Meanwhile, other members of Rolon’s group were fighting with Mullen outside. Mullen was hit with a shovel and cut with a knife. When he made his way back inside the apartment, he was assaulted by yet another intruder with a knife. Others pushed their way through the back door and caught up with Grant, who had managed to get inside as far as the living room. Surrounded by attackers who had him pinned down on the couch, Grant was struck in the head with the handle of a hammer and stabbed in the buttocks and thigh, severing an artery. Versions differed as to the identity of the individuals who stabbed Mullen and Grant, and versions differed as to whether Rolon himself had ever been inside the apartment at any point.3 By all accounts, the scene was chaotic, and most of the perpetrators were never identified.
The attack ended when one of the intruders yelled out “five-o” (a reference to the imminent arrival of the police) and the group fled. Rolon and several others regrouped at a friend’s apartment shortly thereafter. Hernandez, whose hands were bloody, reported that he had gotten “the kid inside the house good,” and Rolon bragged that “he got that kid good with the gun.”
Botelho was still alive when police arrived at the scene, but he succumbed shortly thereafter. He had three deep stab wounds *813in the chest, the fatal wound being to the heart. He had also sustained blunt force injuries and lacerations to the head, neck, shoulders, back, arm, thigh, and hands.
2. Vouching for credibility of a witness. One of the participants in the storming of Azevedo’s apartment, Eddie Torres, was a juvenile at the time. Pursuant to a plea agreement, he pleaded to being delinquent by reason of murder in the second degree and testified for the prosecution at Rolon’s trial. Although other witnesses described Rolon’s role in the events leading up to the attack and confirmed his identity as one of the group of attackers, Torres was the only eyewitness to testify that it was Rolon who actually stabbed Botelho. On appeal, Rolon contends that the prosecutor improperly vouched for Torres in his direct examination and again in closing argument. We disagree.
During the direct examination of Torres, the prosecutor elicited the fact that Torres had a plea agreement. He then asked Torres whether he had agreed to provide “complete and truthful and accurate testimony,” to which Torres replied, “Yes.” In one subsequent question concerning the agreement, the prosecutor phrased the question in a fashion that made reference to the obligation to give “complete, truthful and accurate” testimony. The defendant objected to both questions; both objections were overruled.

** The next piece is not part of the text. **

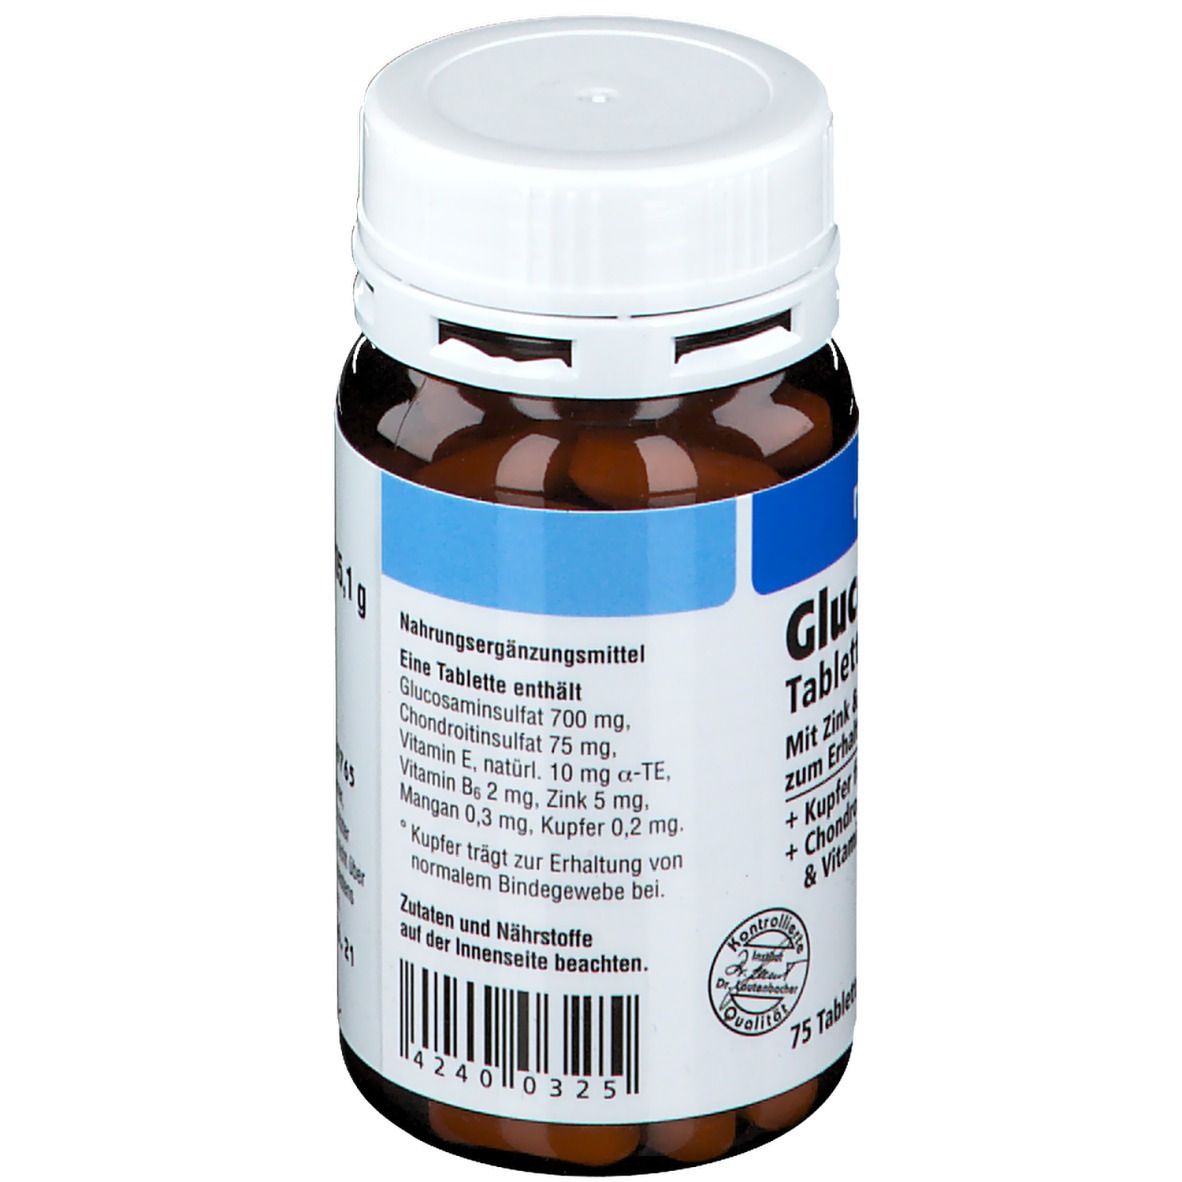 RevoMed® Glucosamin Tabletten plus

Ordinarily, questions concerning an agreement’s requirement that a cooperating witness give “truthful” testimony should be reserved for redirect examination after cross-examination has attacked the witness’s credibility based on the plea agreement. See Commonwealth v. Rivera, 430 Mass. 91, 96-97 (1999); Commonwealth v. Ciampa, 406 Mass. 257, 264 (1989). However, there is not an absolute prohibition that prevents any and all direct examination reference to the agreement’s terms concerning “truthful” testimony. See, e.g., Commonwealth v. Marrero, 436 Mass. 488, 498-500 (2002) (two references during direct examination to witness’s obligation to “tell the truth” and her understanding that she could still be prosecuted for perjury did not amount to improper vouching); Commonwealth v. Irving, 51 Mass. App. Ct. 285, 294-295 (2001) (reference during direct examination to obligation to give “truthful, complete and accurate testimony” was not premature in light of *814defense counsel’s opening statement emphasizing that plea agreement gave cooperating witness motive to fabricate testimony).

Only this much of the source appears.